# another of my bleach projects..this time on a denim jacket



## maureenb (Apr 1, 2011)

I had a pretty paper doily sitting around ,from a wedding we had gone to a few years ago,I had intended to frame it..the lights finally went on yesterday..and voila! my denim jacket went from plain to cool!


----------



## Busy girl (May 15, 2011)

Wow. That's really nice.


----------



## janielha (Dec 20, 2012)

Very pretty! :sm24:


----------



## Loee (Jan 2, 2016)

Beautiful. Clever girl


----------



## Knitting Gamma (Sep 7, 2014)

That is so pretty


----------



## yarnfrog (Jul 24, 2011)

Instructions please.

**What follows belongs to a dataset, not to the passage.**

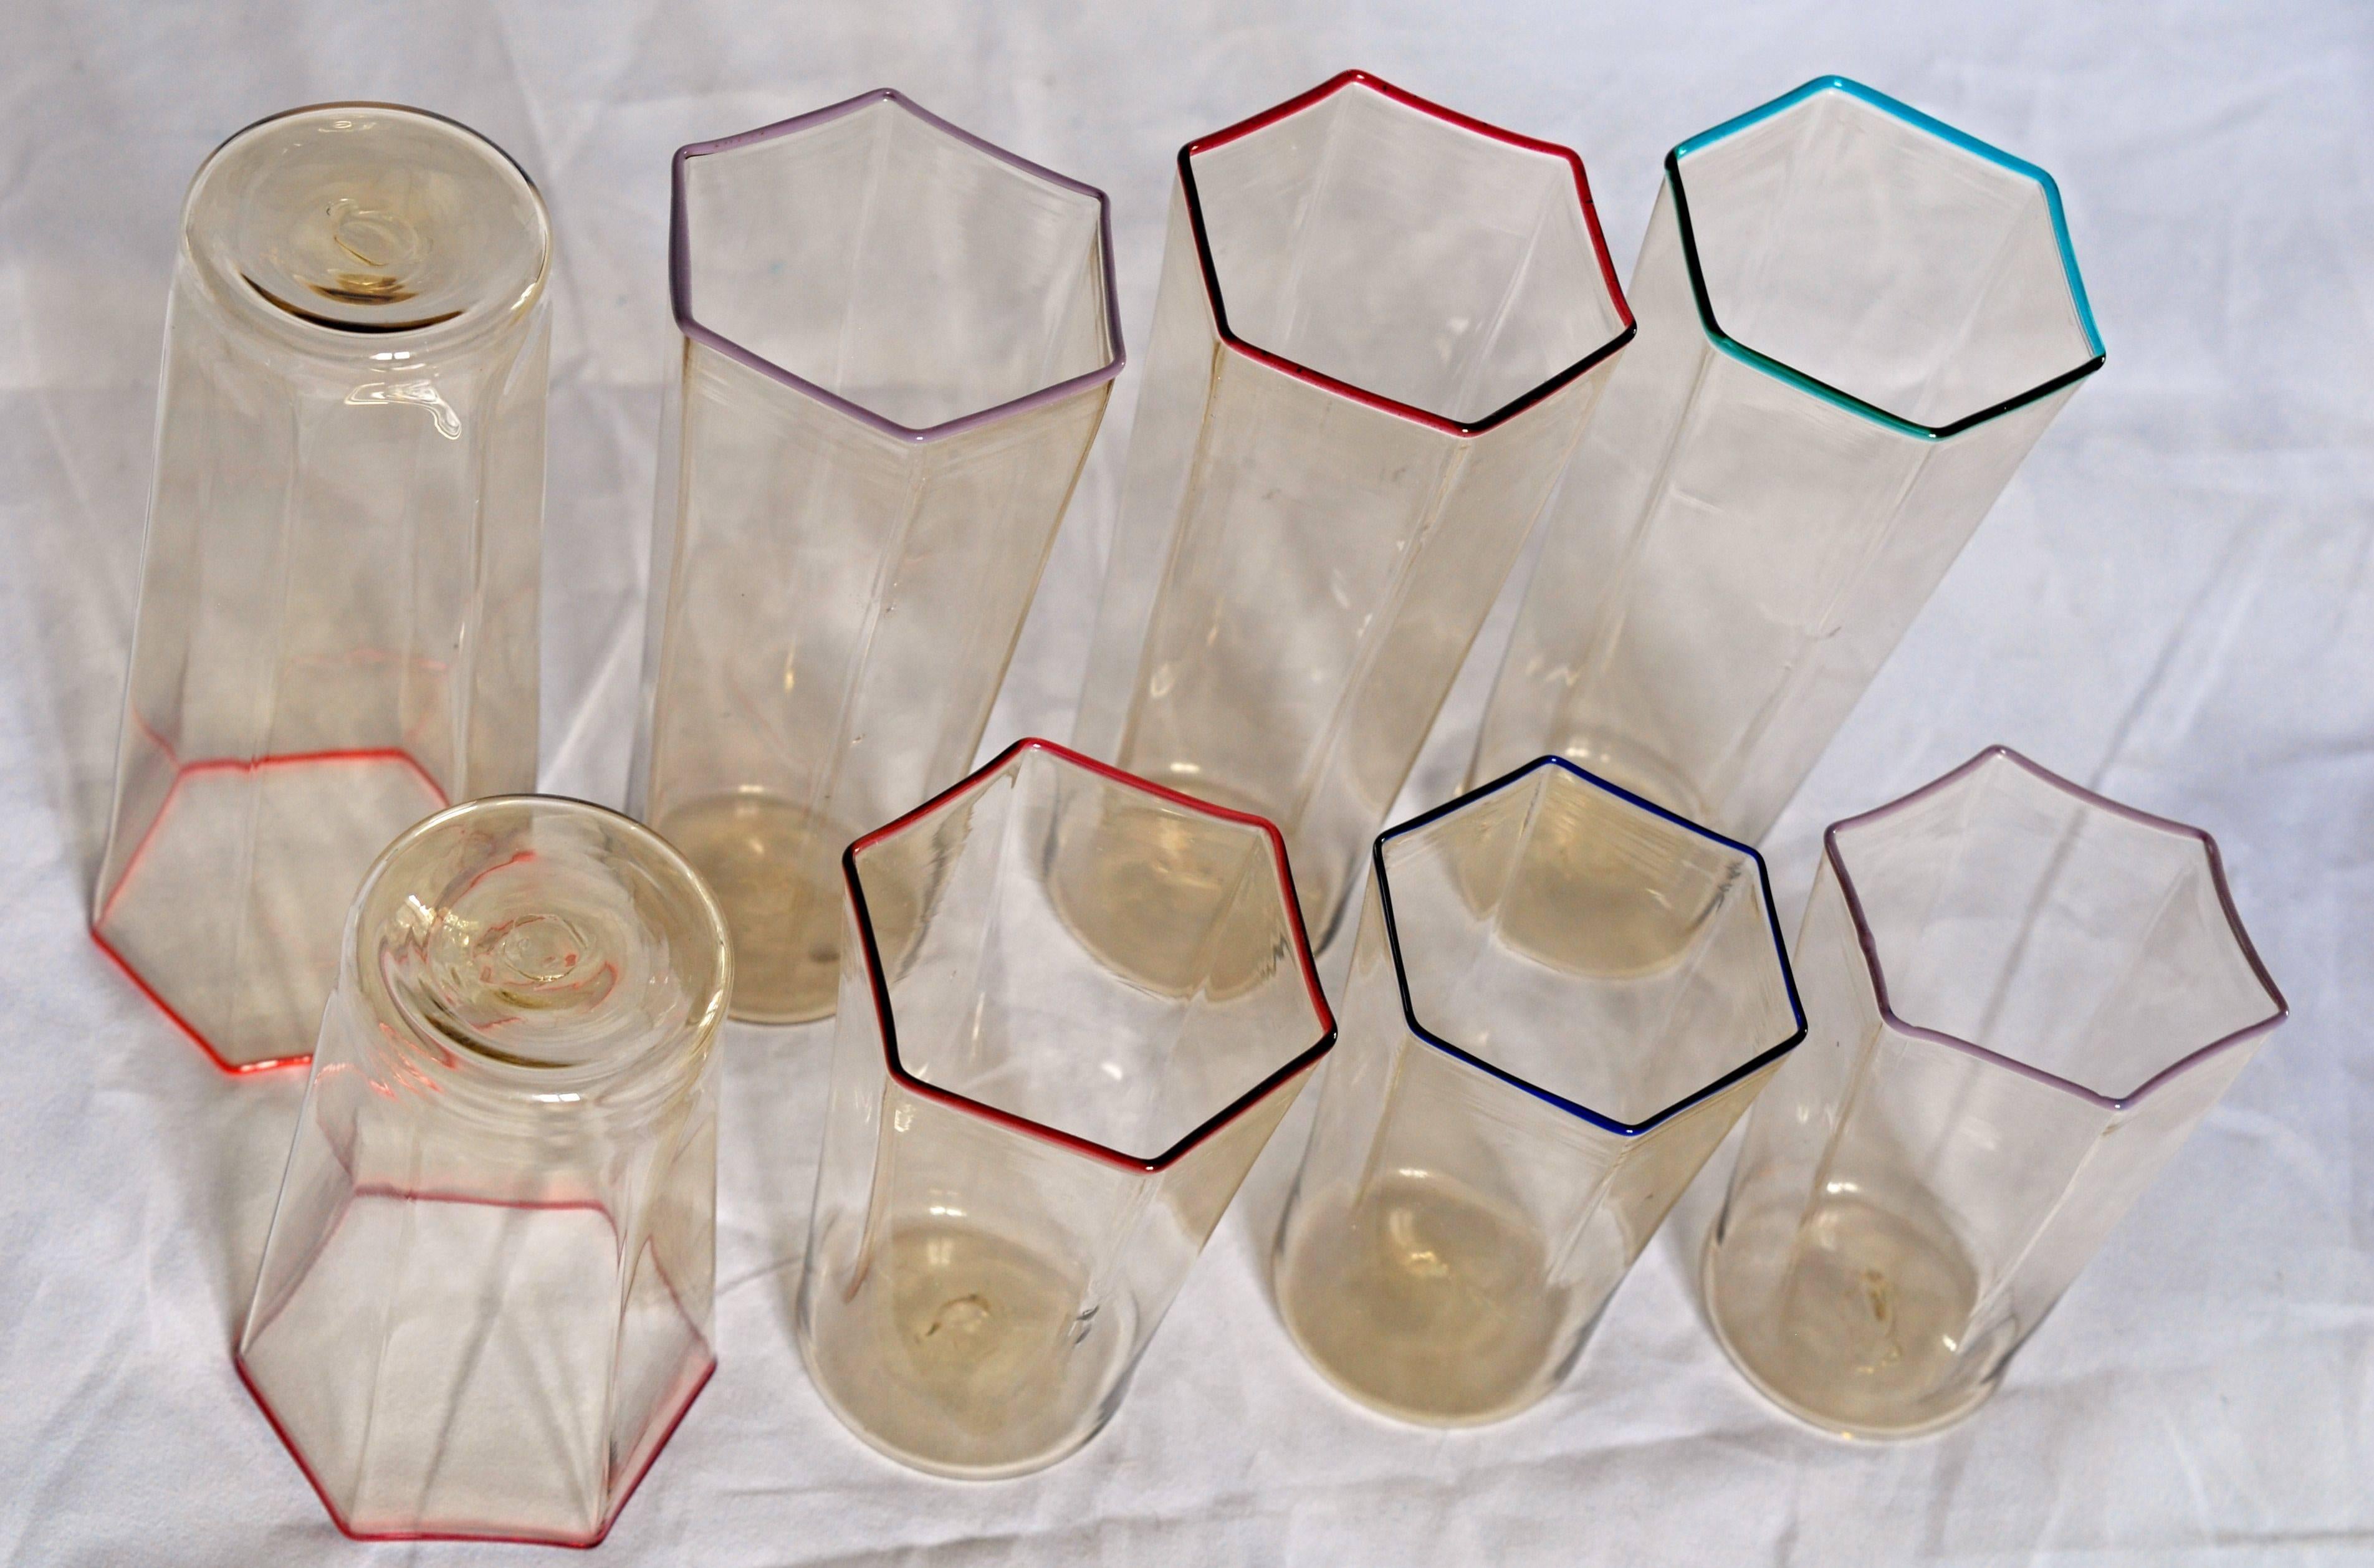 Late 20th Century Eight Hexagonal Pagliesco Glasses, Multicolored Rim, Carlo Scarpa 1932 Design

That is so beautiful. I love it.


----------



## scrapbookbabs (Nov 24, 2014)

Love it


----------



## willi66 (Aug 30, 2012)

Nice


----------



## krashdragon (Nov 7, 2014)

Cool. How did you do that?


----------



## Ettenna (May 3, 2013)

Wow-the edges are so good-how did you get them so crisp?


----------



## maureenb (Apr 1, 2011)

just mix 1/2 water,1/2 bleach put in a spray bottle,and using a stencil,pattern cut from a coloring book(use your imagination).stick it down,and spray.Be sure the shirt,or jacket is 100% cotton,and pat off the excess wetness,rinse in cold water..Do not let the mixture sit on for more than a few minutes,or holes will appear,especially in cotton t shirts.


----------



## maureenb (Apr 1, 2011)

krashdragon said:


> Cool. How did you do that?


I traced a plate that was bigger than the doily,cut out the hole from a sheet of freezer paper,ironed that down first,then put the doily in the center..hope this helps.Most of my other projects were knock around t shirts,so I let the bleach fall where it wanted to


----------



## crafterwantabe (Feb 26, 2013)

Very clever idea..thanks for sharing!!!!


----------



## Kansas g-ma (Mar 7, 2014)

What a pretty doily! nice job.


----------



## lainey_h (Dec 14, 2013)

Thank you! So clever, I would never have thought to use bleach for something like that. Your jacket came out so nice!


----------



## GatherNoDust (Aug 26, 2015)

Agree with others. Very cute and I'll have to try it.


----------



## Tapraol (Mar 15, 2013)

Very pretty! Good job.


----------



## MzBarnz (Aug 15, 2011)

Wow! Beautiful!


----------



## Naneast (Jun 12, 2011)

Great job.. Love it.. :sm24:


----------



## Irish knitter (Mar 29, 2011)

Oh my goodness......between you and the bowls and bettyirene(her hats).........we have a bunch of designers here......you guys are so smart!!!!


----------



## Grandma G. (Oct 29, 2012)

You're brave to try this, but your jacket turned out well.


----------



## mama879 (Jan 27, 2011)

Sooo very cool. I love the butterflies. You did good. You should start selling the T-shirts.


----------



## jeannietta (Mar 14, 2011)

Well done!!!!!!!


----------



## mopa2282 (May 12, 2011)

You are so talented.


----------



## kathycapp (Sep 22, 2014)

Love it, Maureen!


----------



## knitwit42 (Apr 23, 2011)

Very cool!


----------



## Cdambro (Dec 30, 2013)

That sure did take your jacket up a few notches on the ladder of cuteness. I really like how that looks.


----------



## Nimchira (Mar 8, 2011)

oh wow ... I've seen 'tie dye' with bleach, but this takes it to a whole new level ... wonderful


----------



## FiberQueen (Aug 23, 2012)

It is very clever! Beautiful


----------



## knitnut1939 (May 1, 2013)

WOW!!!


----------



## betty boivin (Sep 12, 2012)

Thanks a lot!


----------



## Jean Keith (Feb 17, 2011)

Very nice. It takes a smart cookie to come up with this one.


----------



## Jedmo (Jan 21, 2013)

Neat


----------



## sharmend (Feb 14, 2012)

Beautiful!


----------



## Briegeen (Dec 9, 2012)

What a brilliant outcome. Thank you for sharing your wonderful idea.


----------



## doreen344 (May 26, 2011)

This is absolutely beautiful. Are there pictures of your T shirts?


----------



## socksaholic (Sep 8, 2011)

Like that a lot!


----------



## cafeknitter (Apr 2, 2013)

maureenb said:


> I had a pretty paper doily sitting around ,from a wedding we had gone to a few years ago,I had intended to frame it..the lights finally went on yesterday..and voila! my denim jacket went from plain to cool!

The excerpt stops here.